Problem description:
The reply must repeat the listing below exactly and carry none of its pictures.
──────── Recorded data
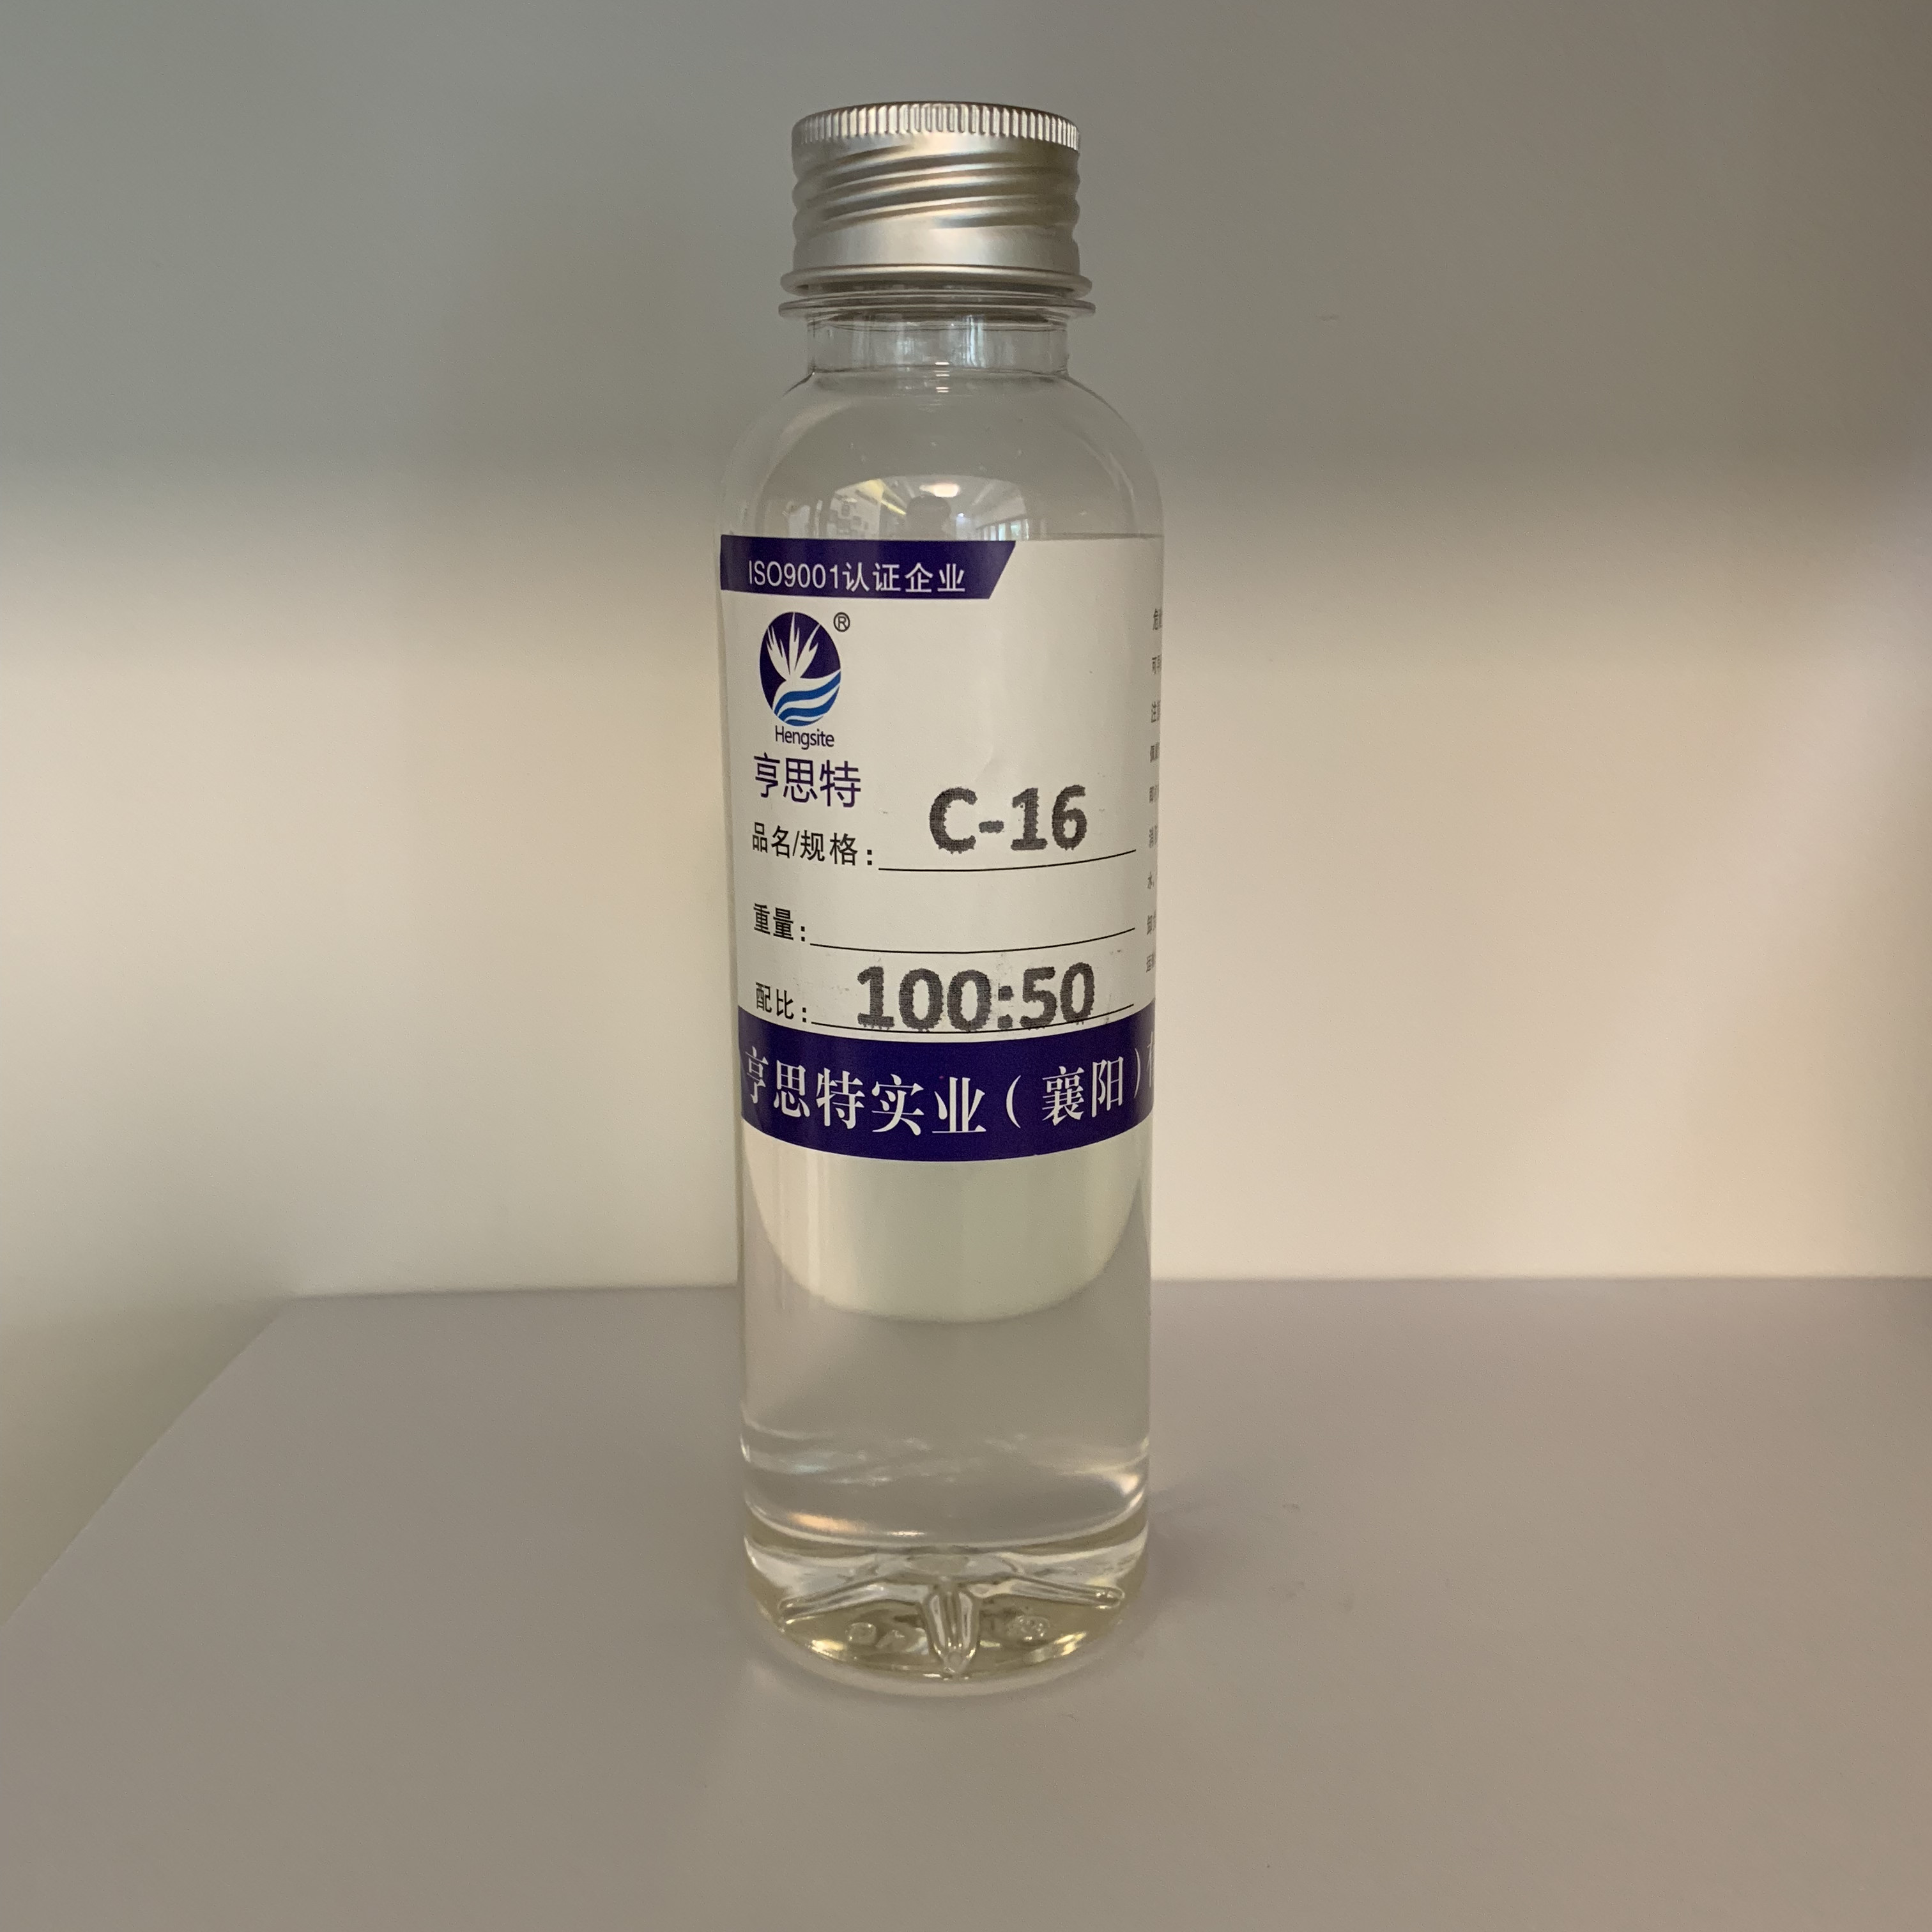 C-16面涂聚醚胺改性固化剂
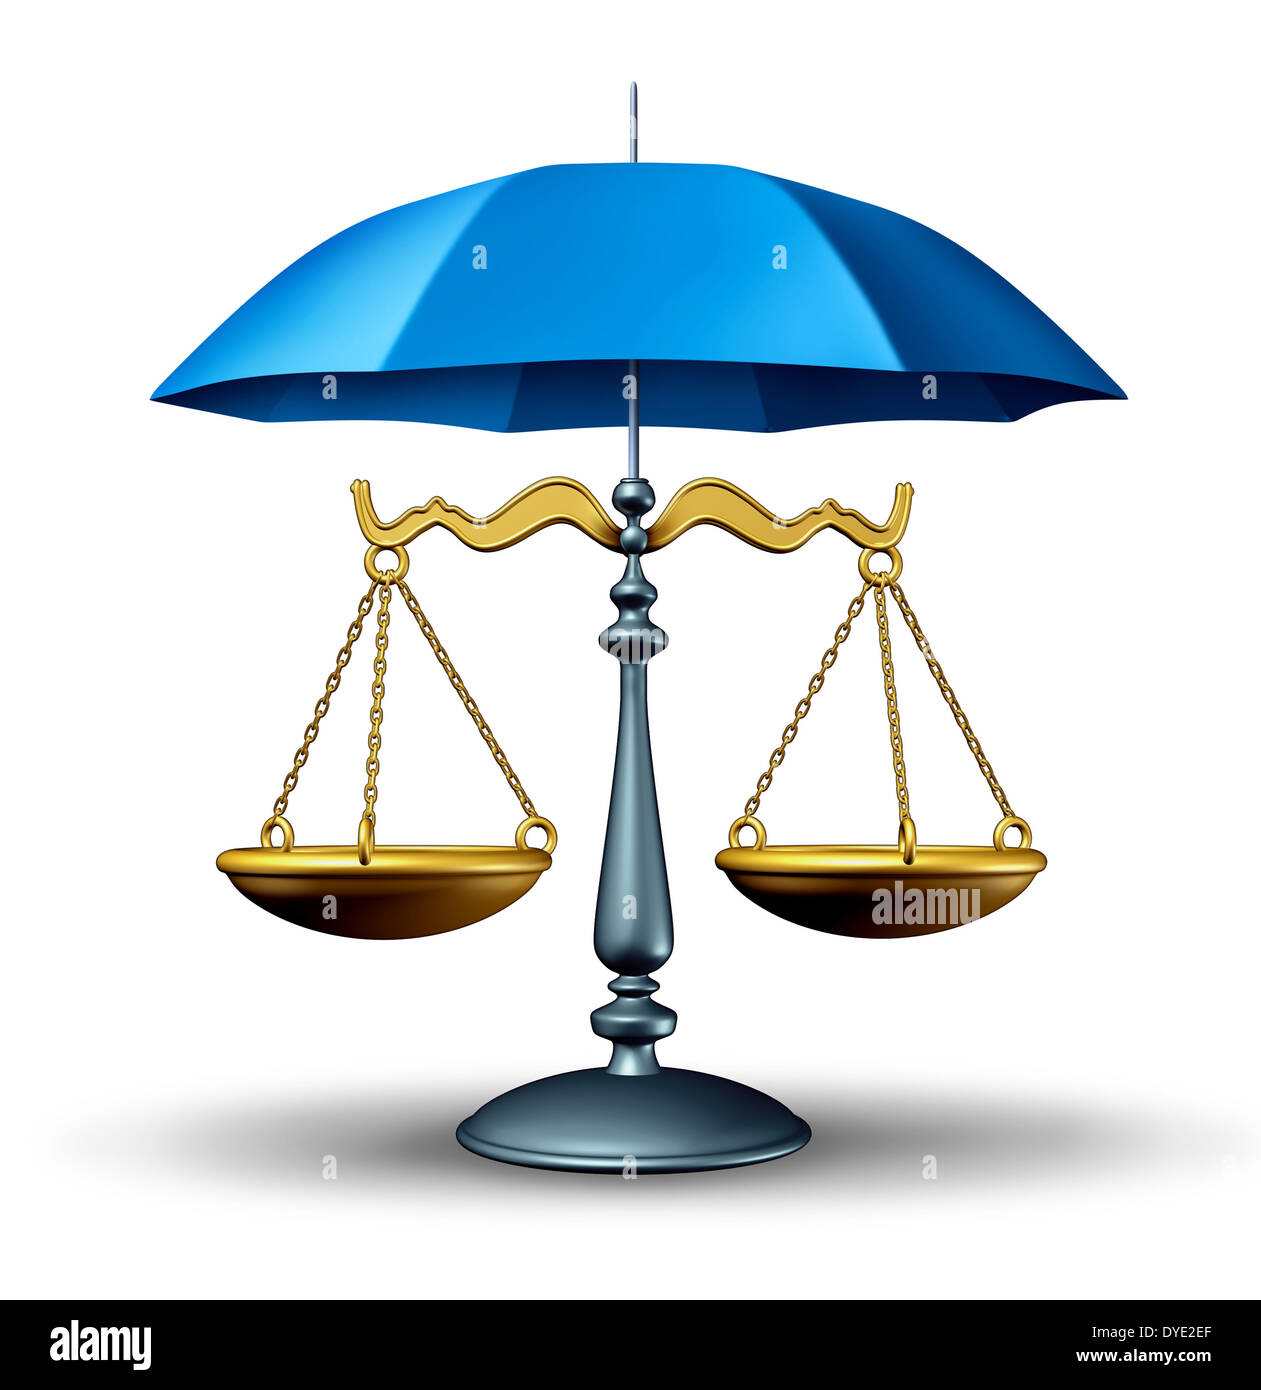 Rechtssicherheit-Konzept mit Maßstab Gerechtigkeit des Gesetzes durch eine blaue Regenschirm als Sicherheitssymbol für das Justizsystem in Regierung und Gesellschaft für den Schutz der Rechte und Vorschriften geschützt. Stockfoto
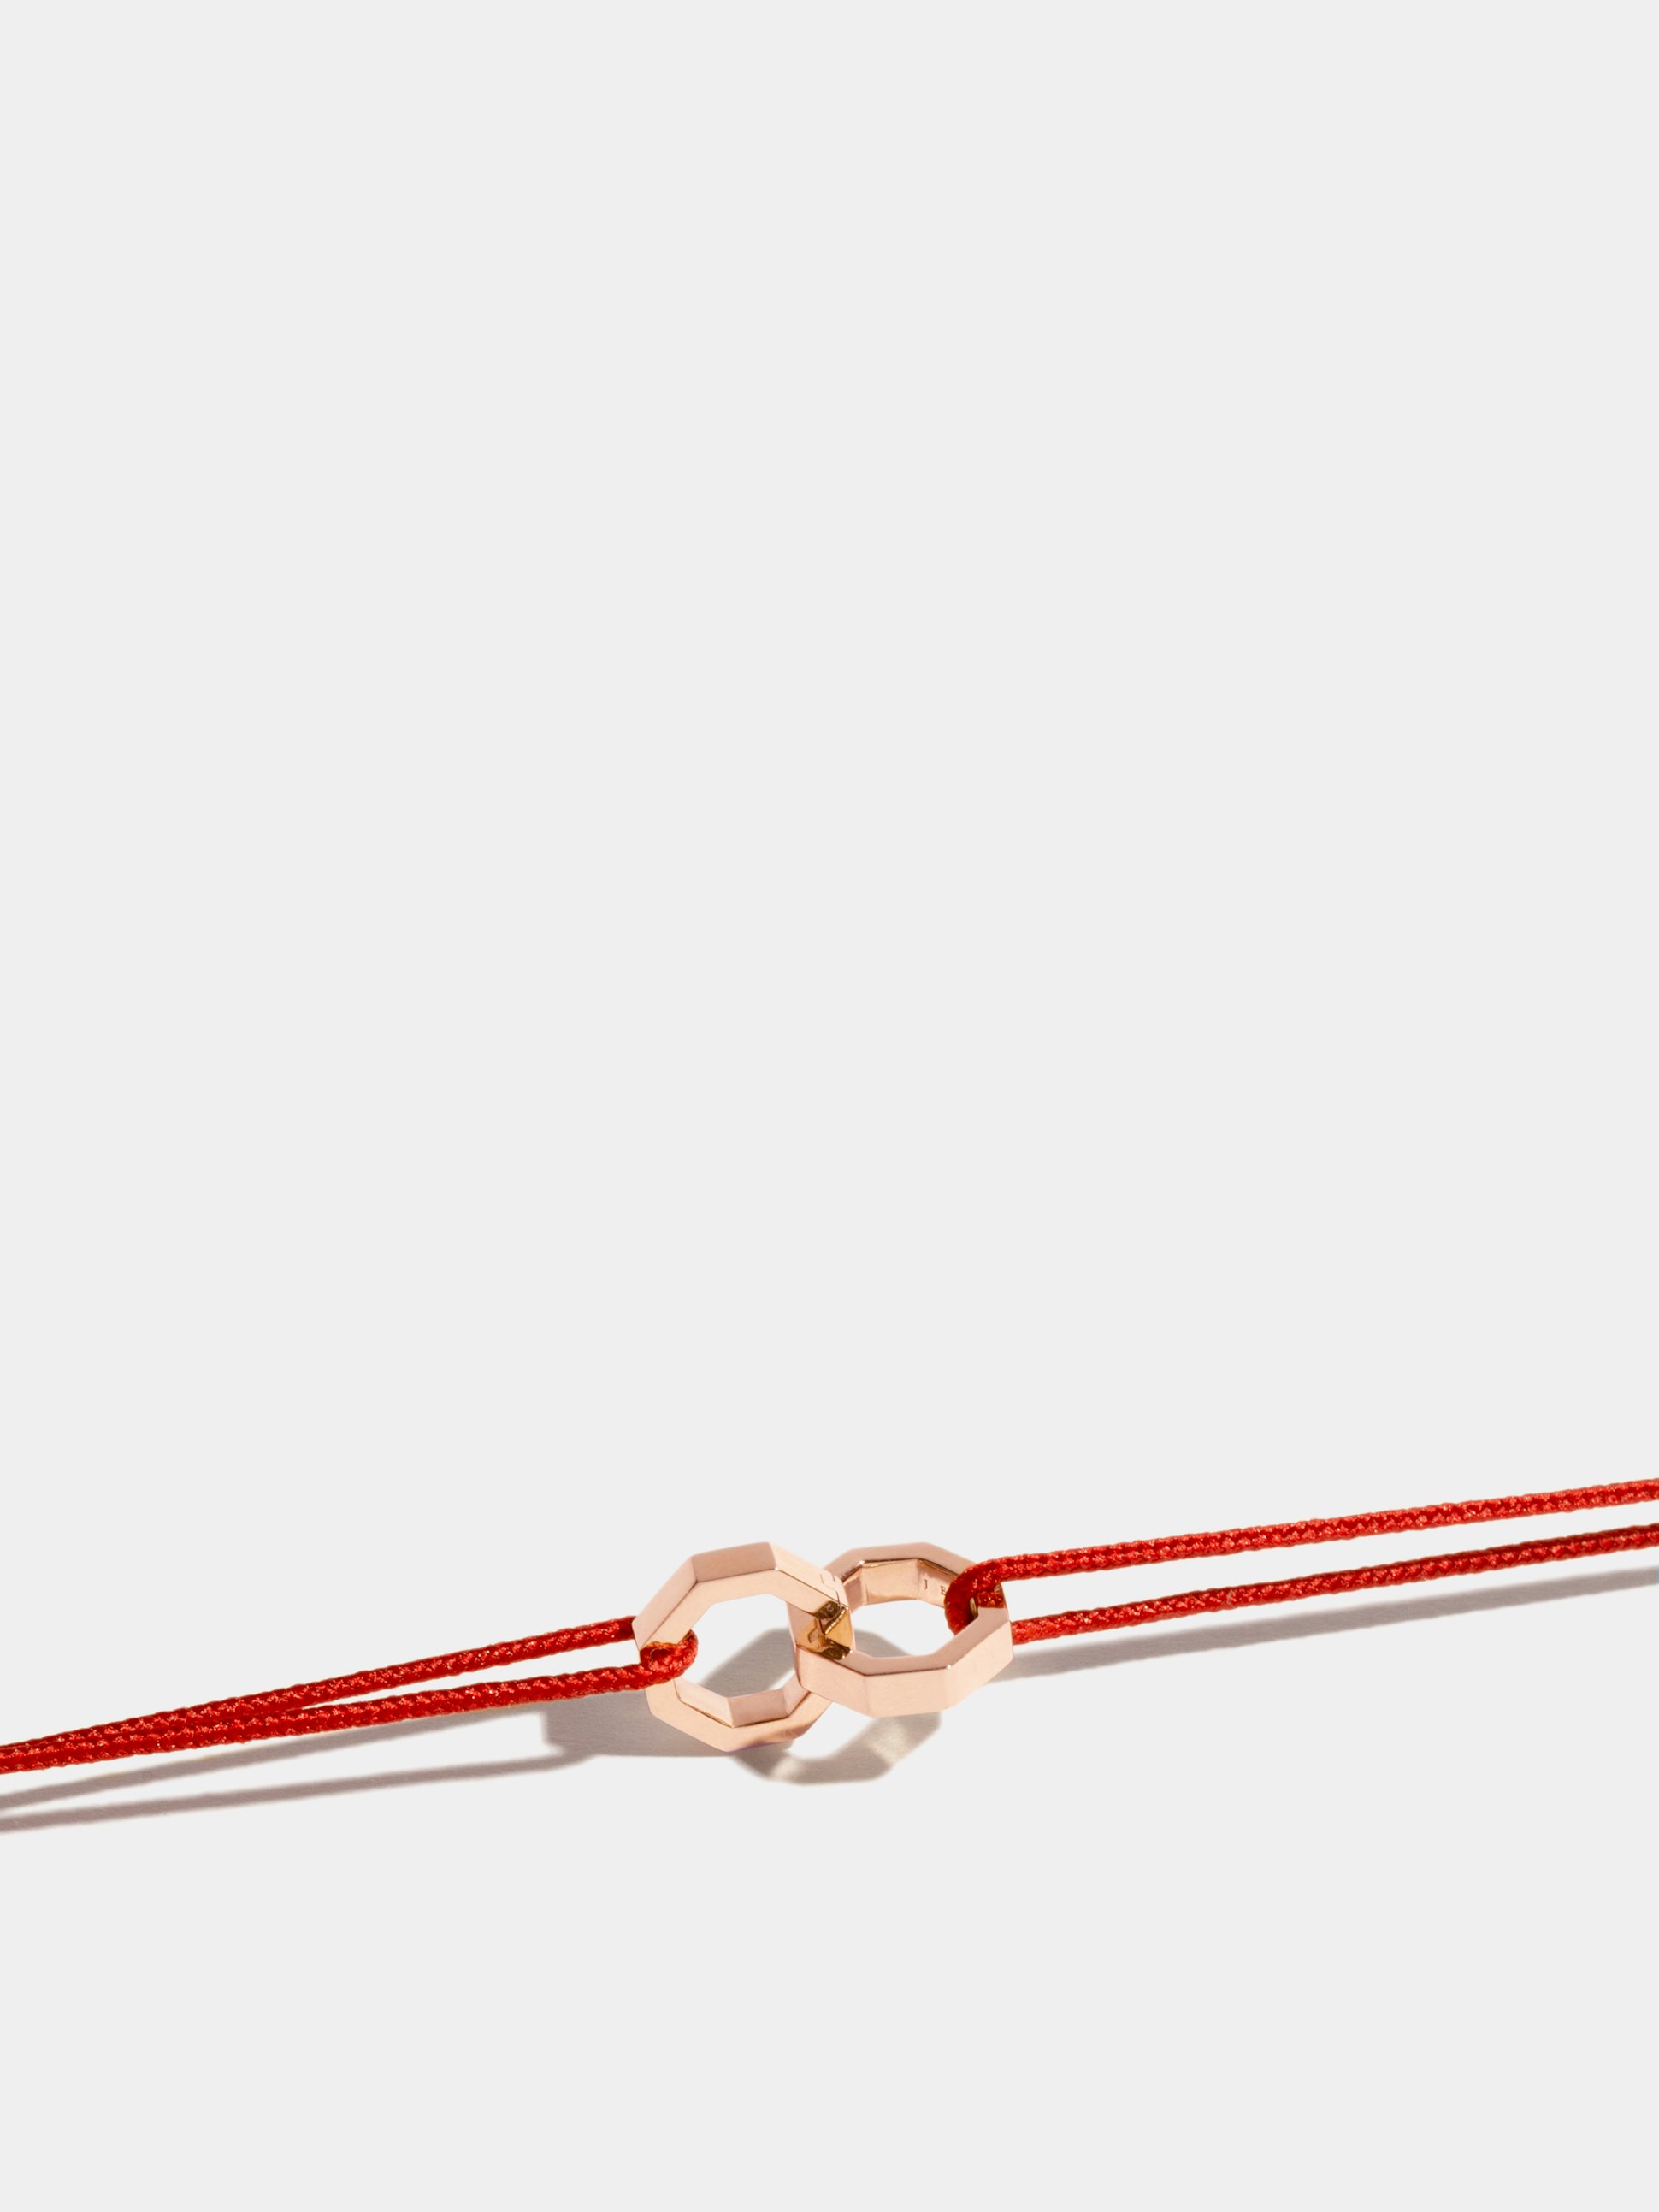 Bracelet double Octogone en Or rose éthique 18 carats certifié Fairmined, sur cordon rouge.
────────────────
Result below:
 C-16面涂聚醚胺改性固化剂
 Rechtssicherheit-Konzept mit Maßstab Gerechtigkeit des Gesetzes durch eine blaue Regenschirm als Sicherheitssymbol für das Justizsystem in Regierung und Gesellschaft für den Schutz der Rechte und Vorschriften geschützt. Stockfoto
 Bracelet double Octogone en Or rose éthique 18 carats certifié Fairmined, sur cordon rouge.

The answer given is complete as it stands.